B. F.W. Croke*, A. J. Jakeman

*Corresponding author for this work

    Research output: Contribution to journalArticlepeer-review

    43 Citations (Scopus)


    Throughout Australia, there are strong regional differences in hydrological response to landscape and climate; however, in general terms, in Australian catchments the flows are typically peakier, base flows are of lower proportion, runoff coefficients are smaller, and dry periods are longer and more variable, than in European and North American catchments. In this context, this paper assesses the model types available to improve understanding and prediction of catchment flows and transport. Included in this is the concept of information and its influence on appropriate model complexity, as well as a characterization of the principal factors inhibiting model performance. The ability to predict the effects on flows and water quality of anything but major changes in climate and land use is limited.

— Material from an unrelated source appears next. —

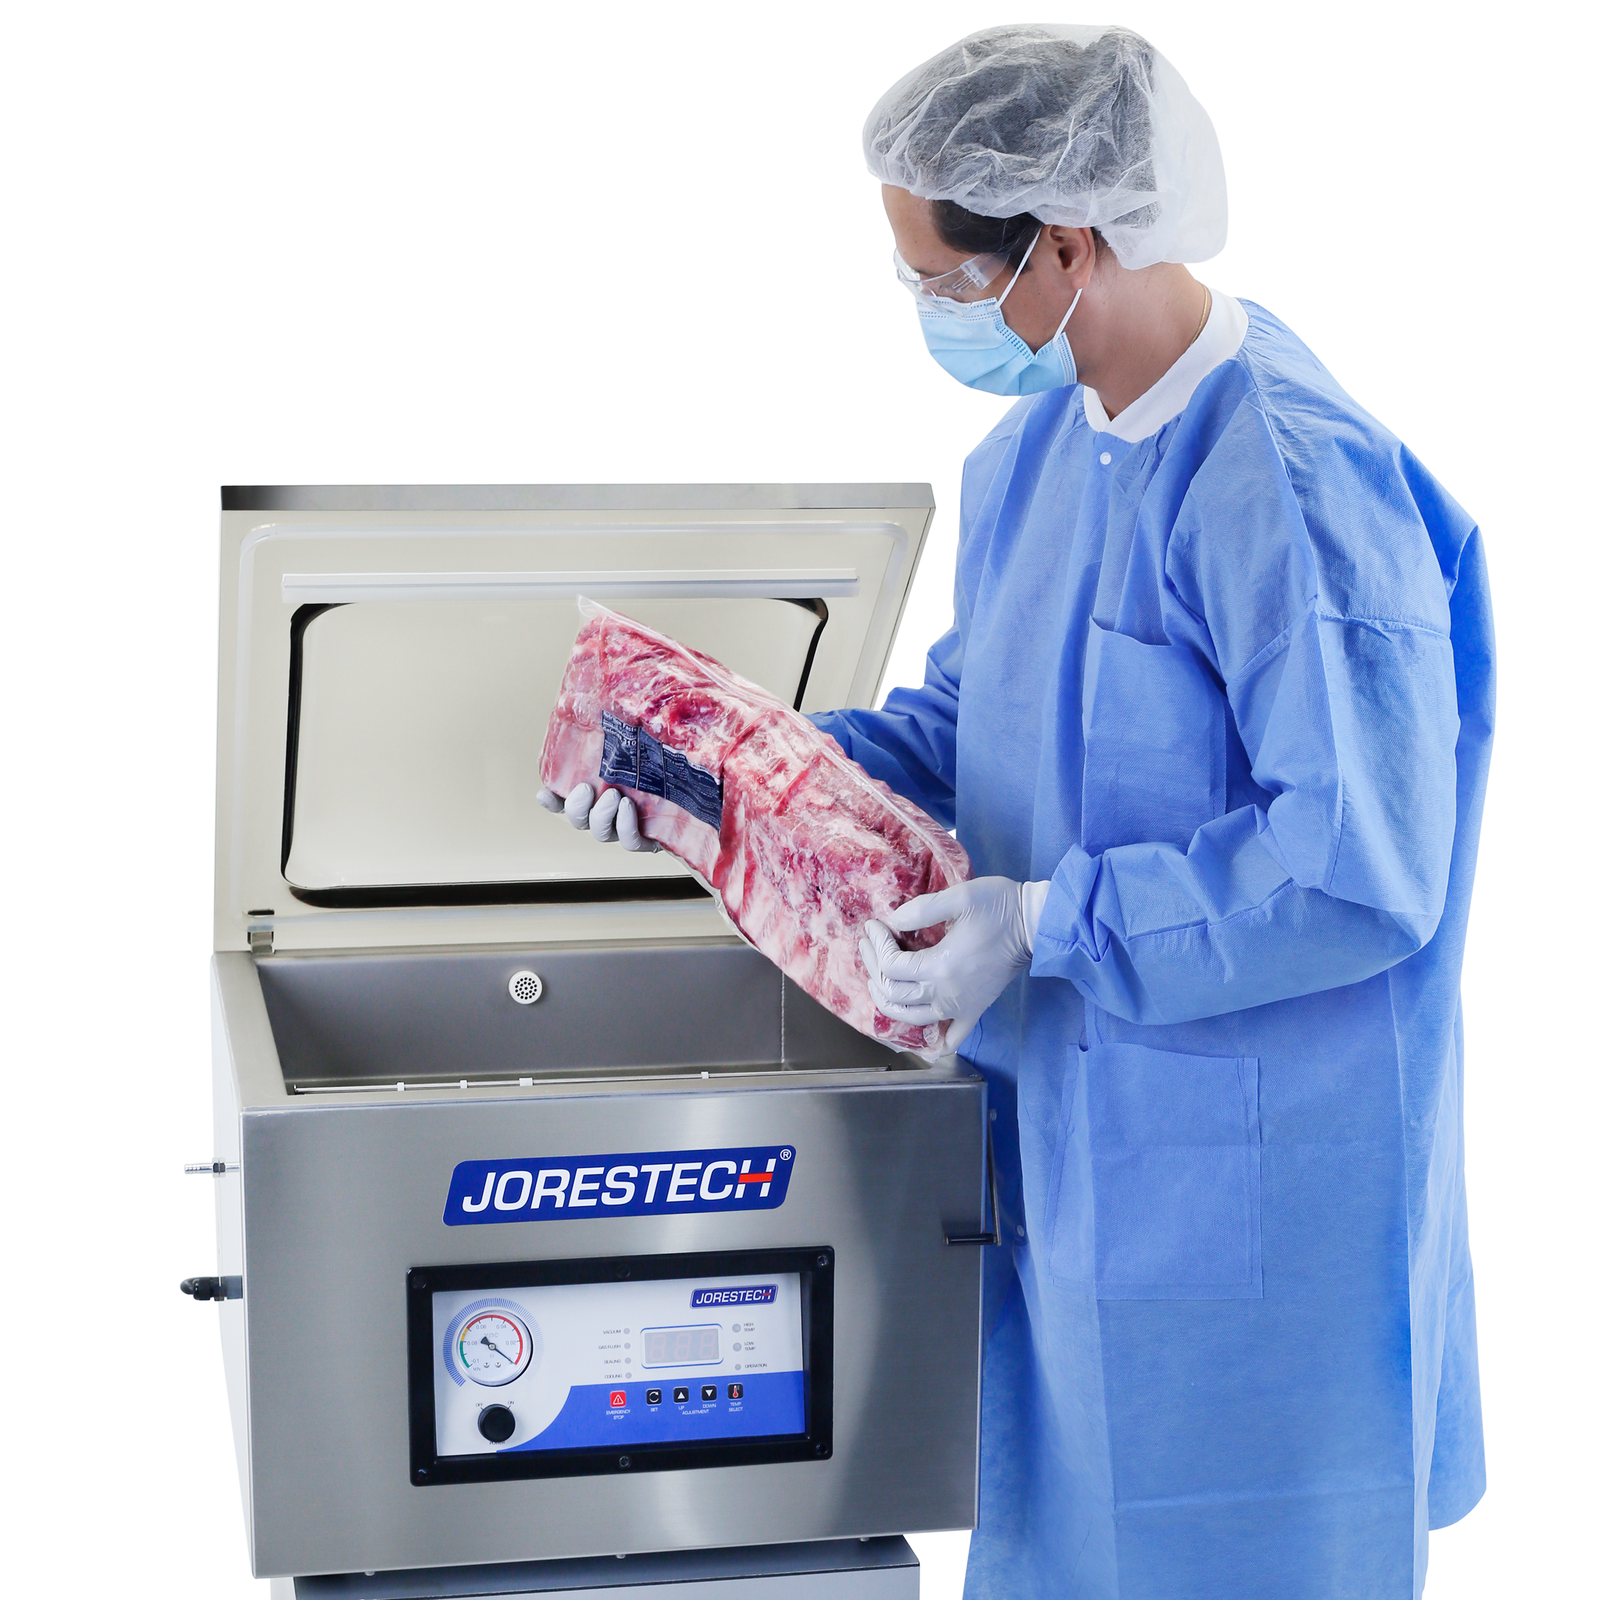 Operator wearing a blue PPE gown, a face mask, latex gloves and a hair net holding a package with freshly sealed red meat. He is removing the vacuumed meat from the inside of the stainless steel table top single chamber vacuum sealer
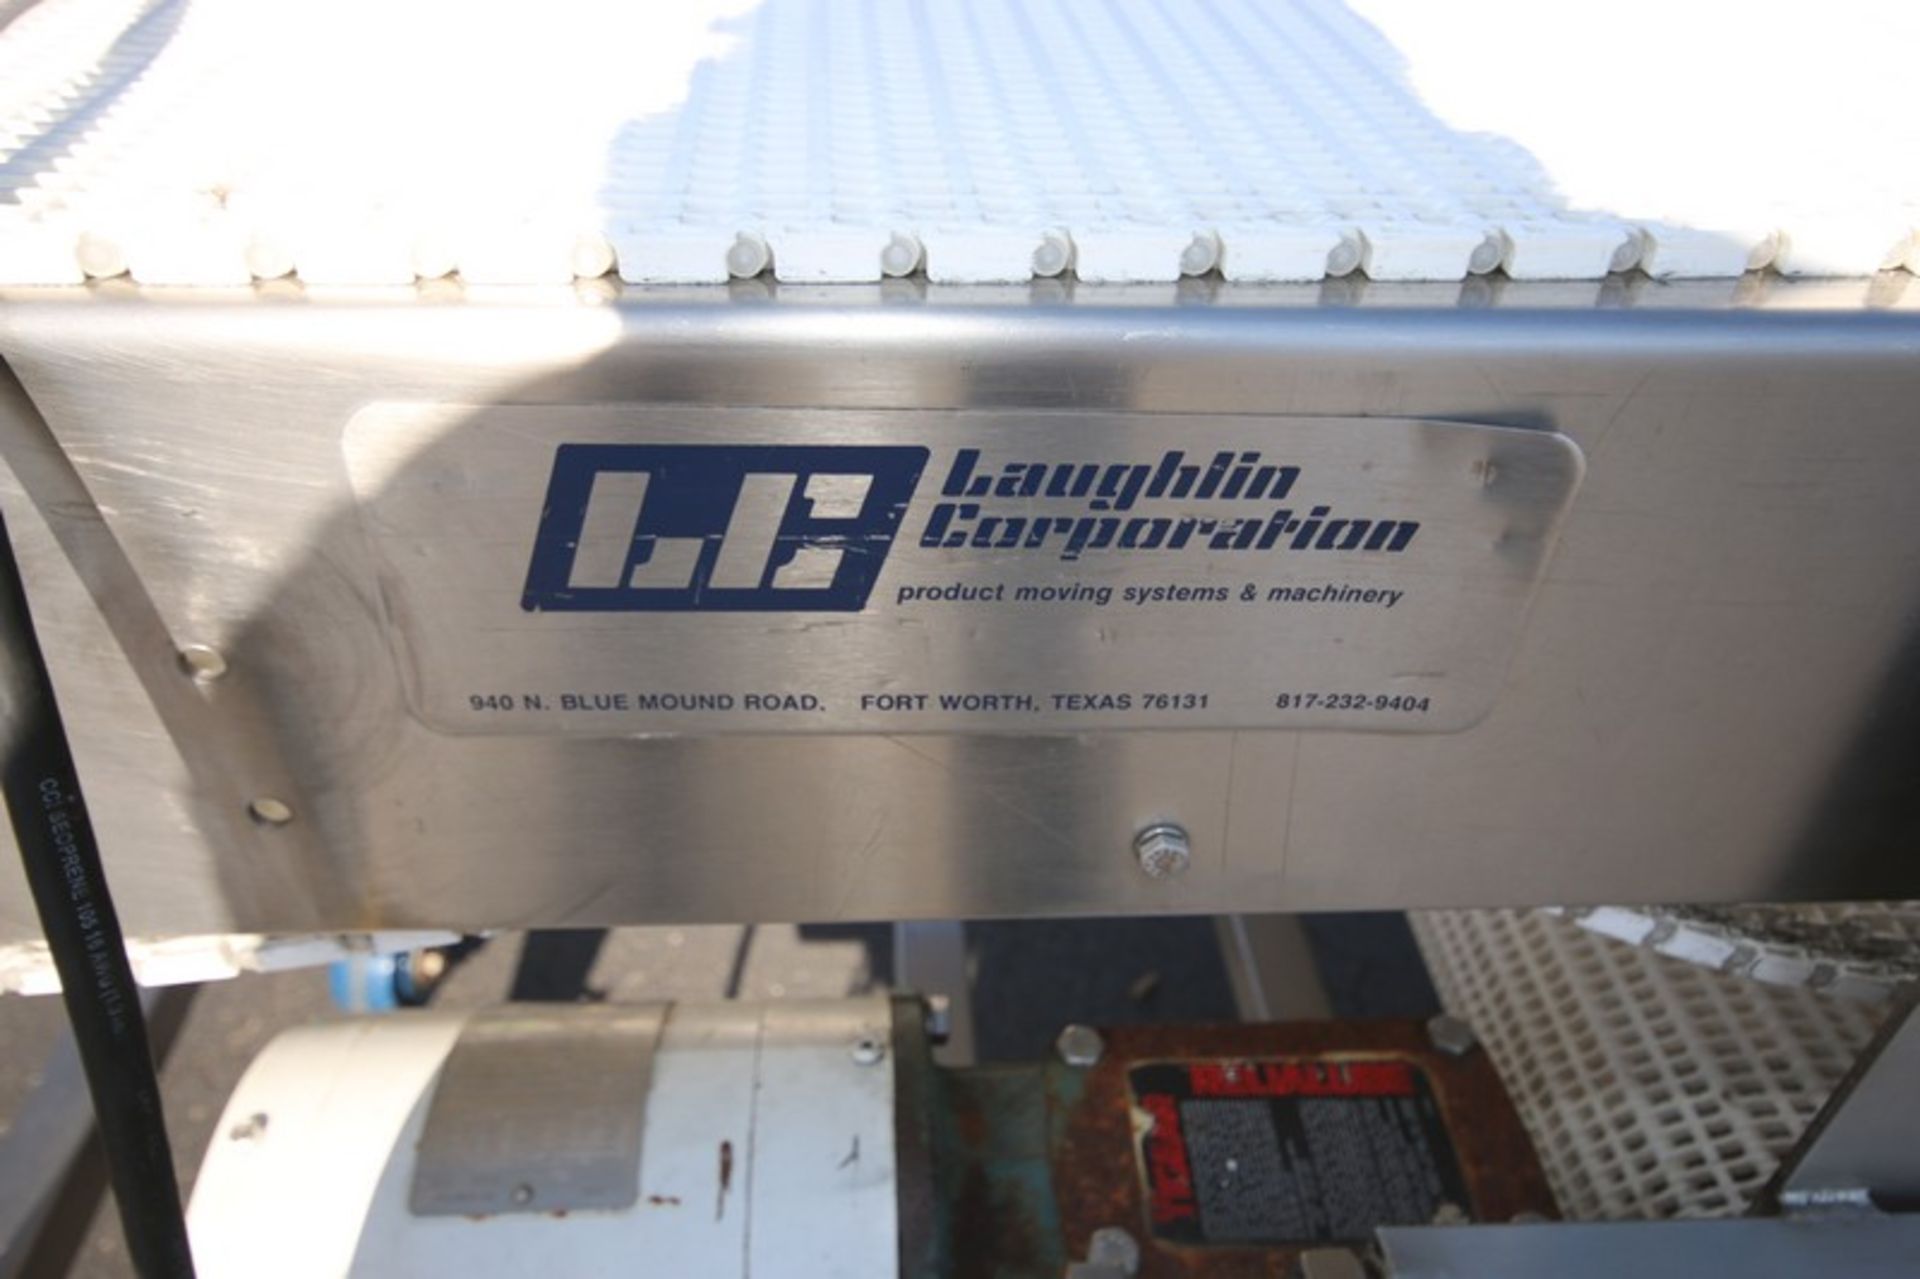 Laughlin Corp / Dawn 92" L x 33" H S/S Portable Belt Conveyor with 22" W Intralox Type Plastic Belt, - Image 7 of 7

Improvement of understanding and prediction relies on the following: more rigorous testing of models to assess their ability to separate climate and land use effects on hydrological response; the use and improved interpretation of spatial data; more and better monitoring of hydrological response at a range of scales; complementary use of conceptual and distributed models; and integration of modelling with other information such as that from geochemical studies including tracer analysis.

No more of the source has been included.